В конце концов оккупанты, ищущие агентов для борьбы с партизанскими группами, рассеянными вдоль железных дорог, ведущих к Смоленску, забросили Мухина и Фролова в лес для присоединения к одному из таких партизанских отрядов, конечно, с фальшивыми документами и легендами. В скитаниях по лесу Мухин сфабрикованные документы потерял, но Фролов сохранил и поддельную бумажку, и деньги. Случай свел обоих с отрядом Глебовского, и судьба их известна. Но даже при воссоединении с наступающими советскими войсками припрятанные деньги Фролову удалось сохранять.

Война, как это ни странно, оказалась для него источником дальнейшего обогащения.
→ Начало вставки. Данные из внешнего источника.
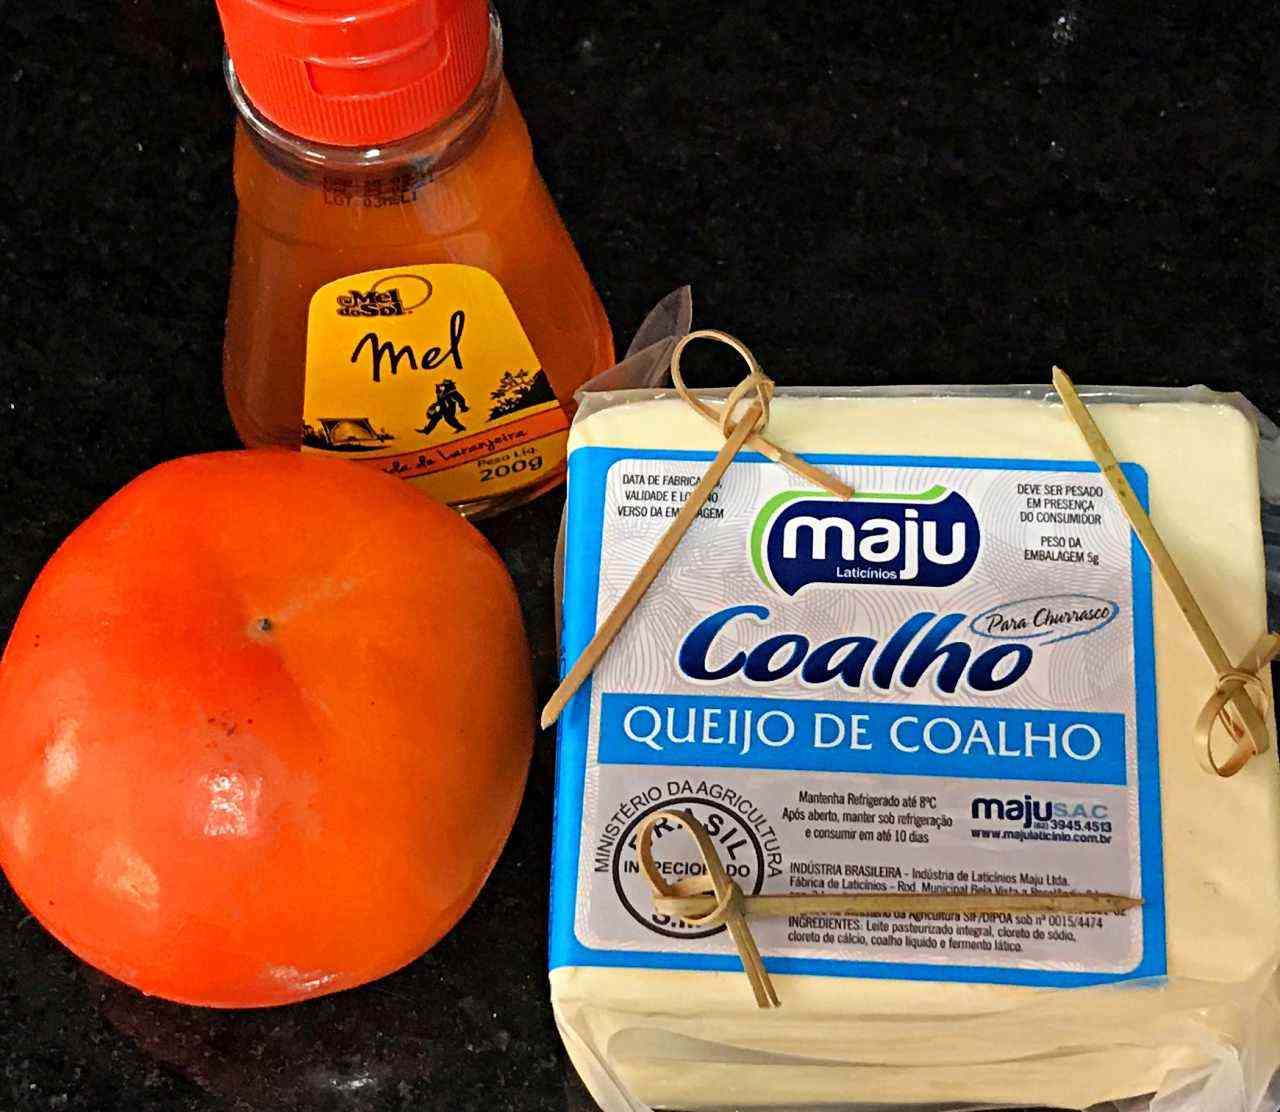 Canapés de queijo coalho caqui e mel - ingredientes

Гражданская специальность Фролова привела его в интендантскую часть, и первым его трофеем была продажа грузовика с американской тушенкой. Купил ее некий Шинберг, интендант в капитанском звании, тут же реализовавший покупку на черном рынке в освобожденном Смоленске. Жулик жулика видит издалека, и Шинберг сразу же оценил Фролова. Аферы по искусно подделанным документам продолжались безнаказанно. В конце войны оба интенданта-мошенника орудовали в тылах Советской Армии в Германии, вывозя все, что удавалось похитить в брошенных немецкими богатеями поместьях: от трофейных автомашин до фарфоровых сервизов. Но вот на мине где-то в Силезии подорвался вместе с автомашиной Шинберг, Фролову же повезло. Все похищенное двумя интендантами с липовыми документами перешло в руки перекупщиков в тыловой Одессе, в Киеве и даже в Москве.
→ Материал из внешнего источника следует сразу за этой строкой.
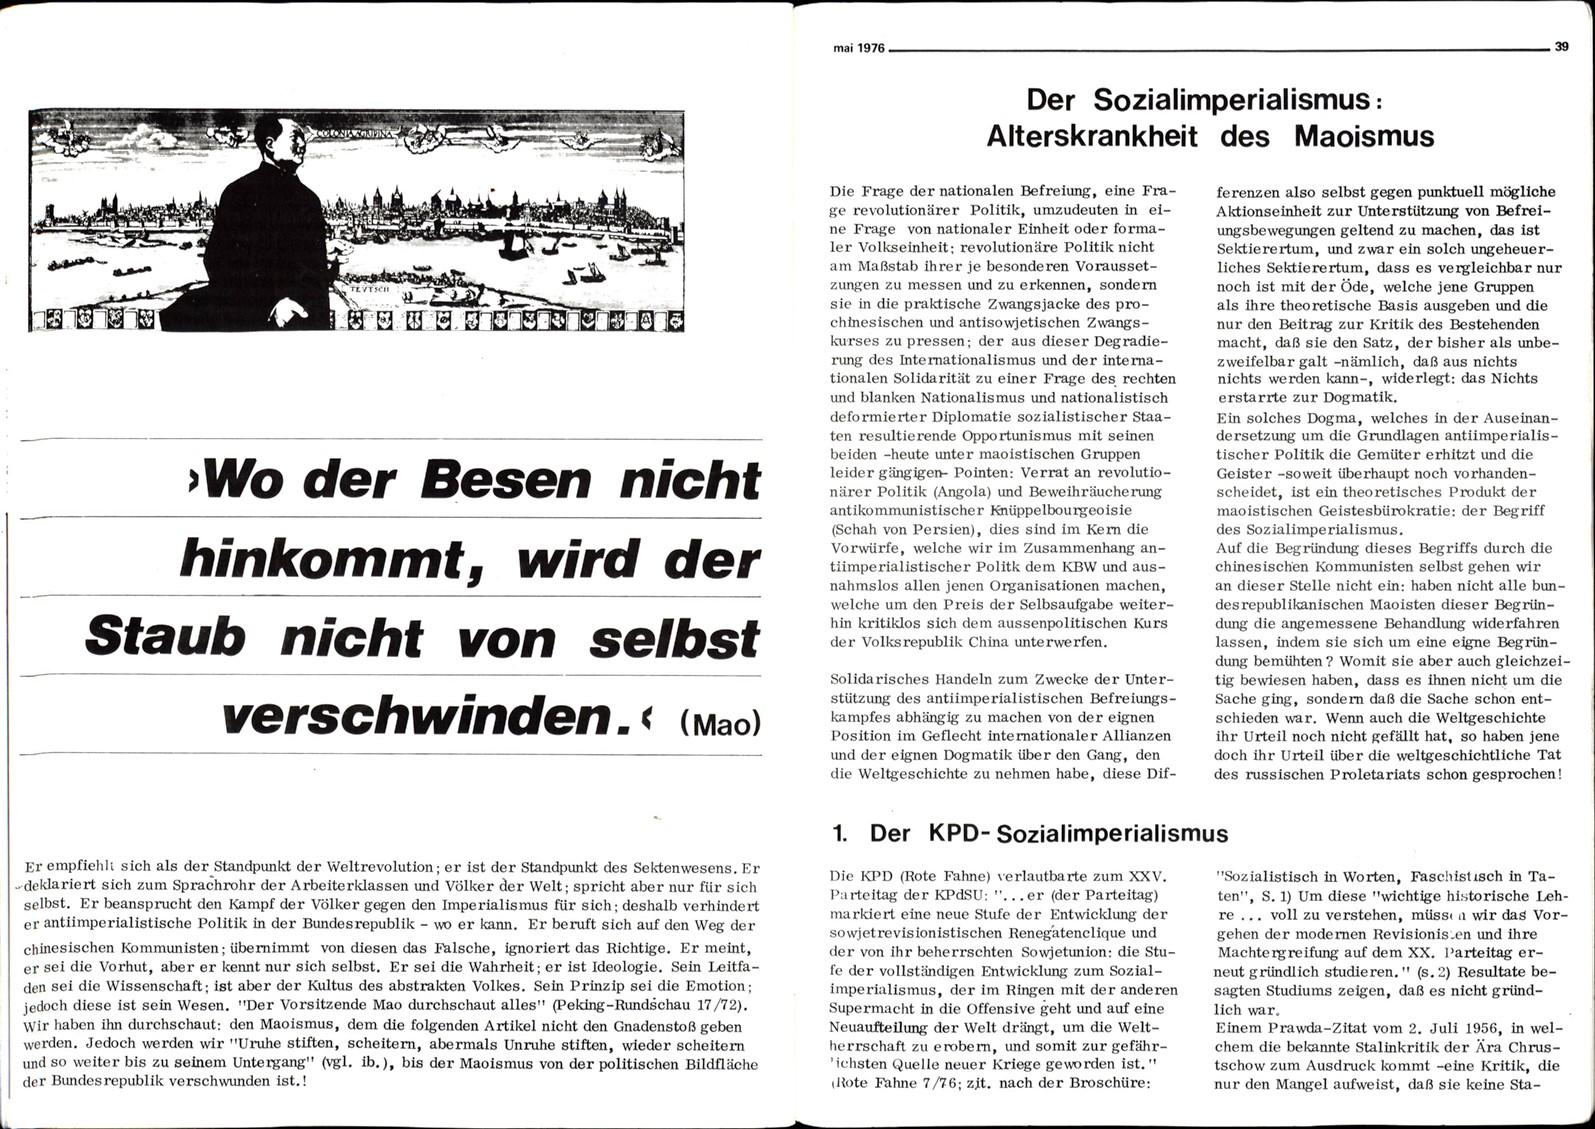 Bonn_ZAFRA_01_19760500_20

Первая же деноминация советской денежной системы, ограничивающая сумму обменивавшихся денег, буквально в одну ночь разорила Фролова. Не мог же он явиться в обменный пункт с огромным венгерским чемоданом, до застежек набитым денежными кредитками — уж сколько их там было, он не считал, но больше миллиона наверняка. И расстался он с ними у мусорного ящика в первом же проходном дворе на Арбате, даже не вздохнув и не обернувшись. Был миллион, нет миллиона. Что поделаешь, ведь Остап Бендер, потеряв столько же, тоже не плакал.
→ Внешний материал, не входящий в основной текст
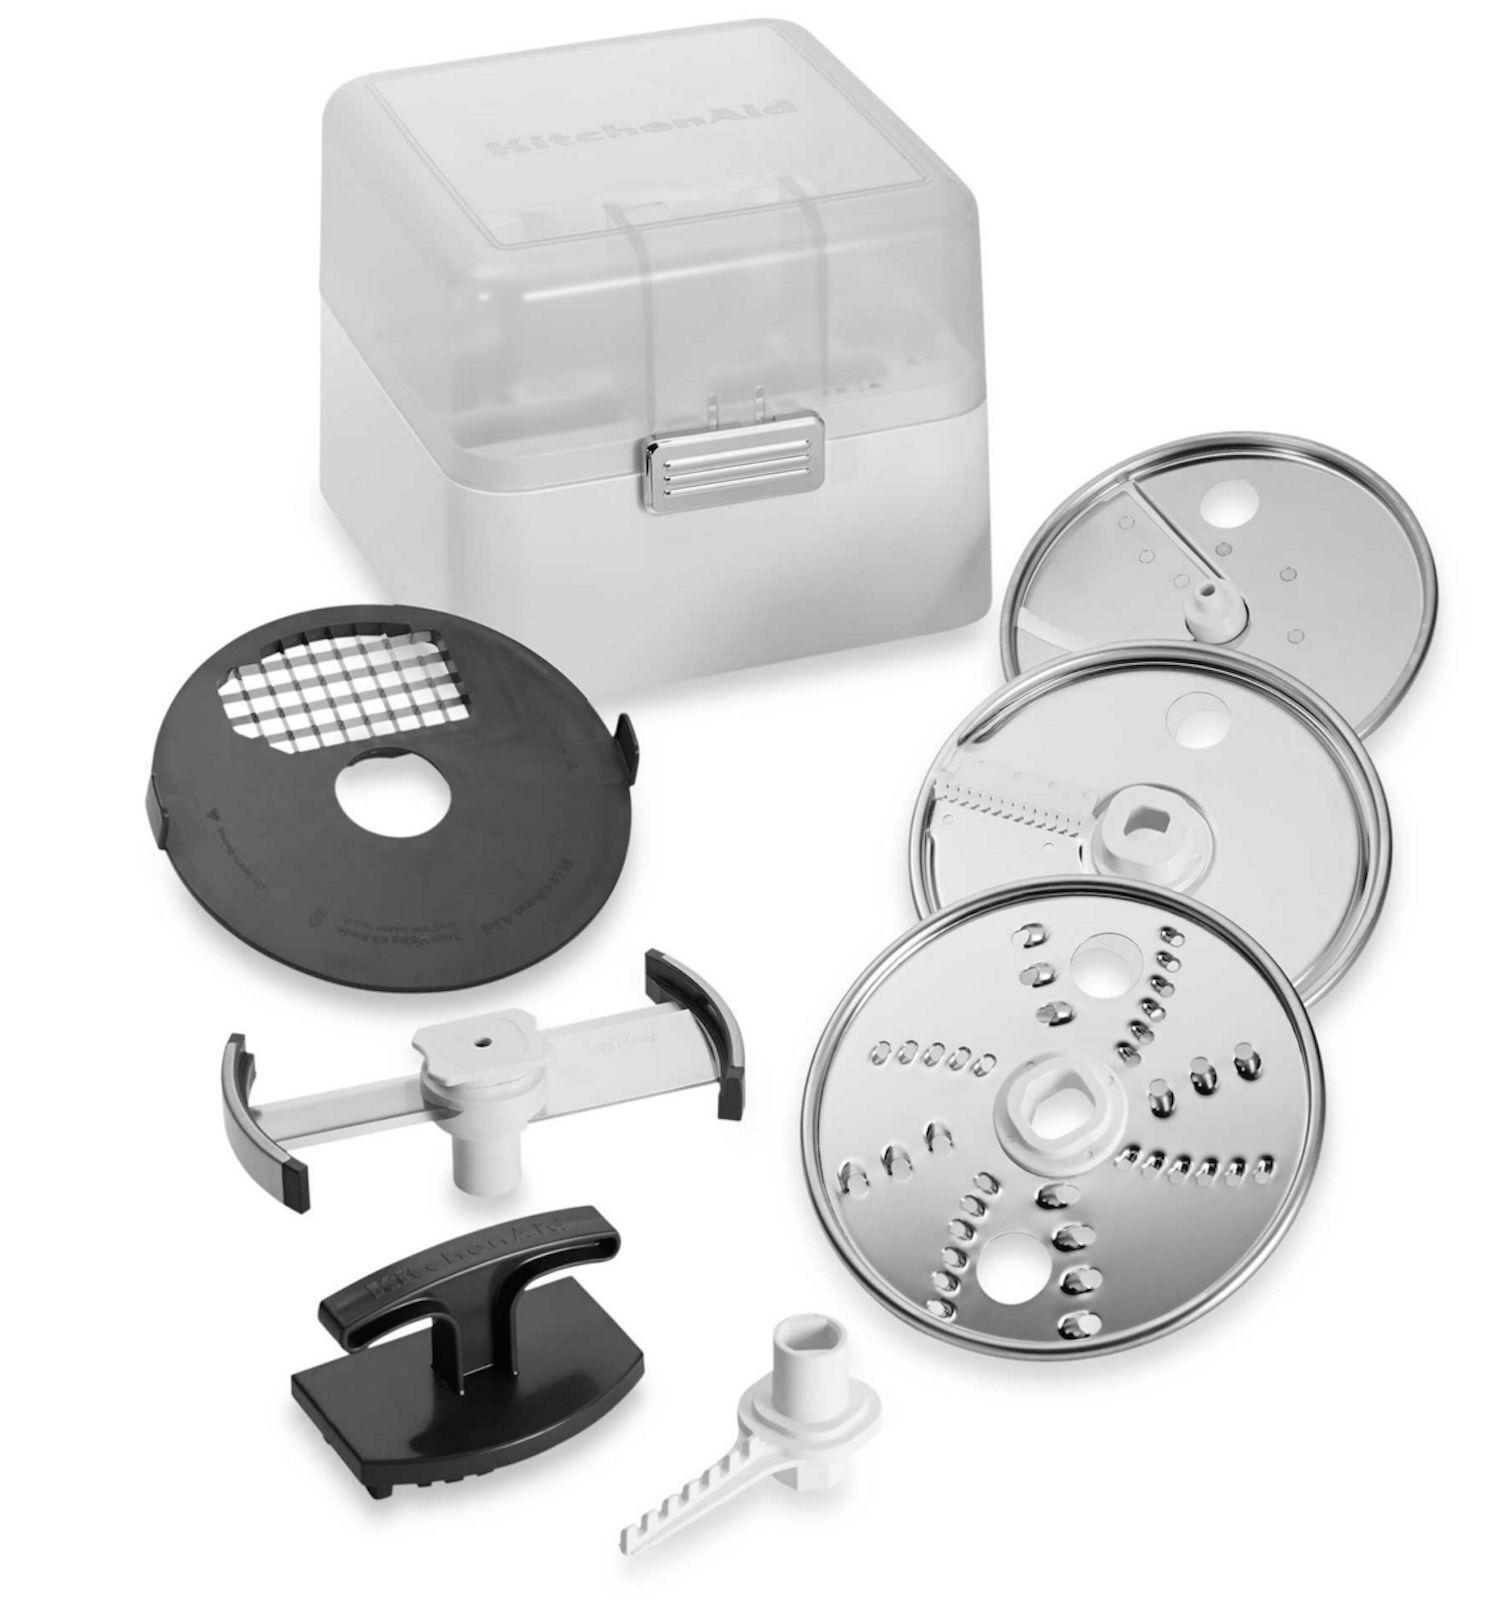 Kitchenaid Food Processor Stand Mixer Dicing Discs

В этом же дворе у тех же мусорных ящиков он и встретил Мухина с чемоданом такого же объема. Встретил впервые с того дня, когда они расстались в разделившемся партизанском отряде. Встретились, узнали друг друга — дворовый фонарь позволил, — остановились.

— Фрол? — спросил Мухин.

— Я, — сказал Фролов.

— Выбросил свои?

— Выбросил. Не идти же сдавать.

— Верно. Подожди-ка меня, я свои с чемоданом оставлю. Да и свой брось, на черта он тебе сдался.

Потом они сидели в ресторанчике на Арбате, пили зеленый грузинский тархун — водки в продаже тогда еще не было — и обменивались воспоминаниями.

— Много выбросил? — спросил Мухин: тогда еще он был Мухиным, а не Солодом. И шрама на лице у него не было.

— Не считал. На всю жизнь хватило бы.

— Настоящие?

— А ты думал? Кровные.

— А у меня, брат, с гитлеровской печатной фабрики. В гестапо из сейфа взял, когда наши покровители домой драпали. Для хождения в оккупированных советских землях предназначались. И здесь действовали: немцы печатать чужие деньги умели.

— Почему ж ты с гостями не драпанул? Такой бы им пригодился.

— А я, мужичок, уже понял, что им конец. Что бы я в Германии делал? В лагере для военнопленных сидеть или в шпионскую школу податься? Их американцы вдоволь настроили. Только работа эта не по мне. Влипнешь в конце концов — «смерш» не храм Христа Спасителя. Сам пропитаюсь. Независимо.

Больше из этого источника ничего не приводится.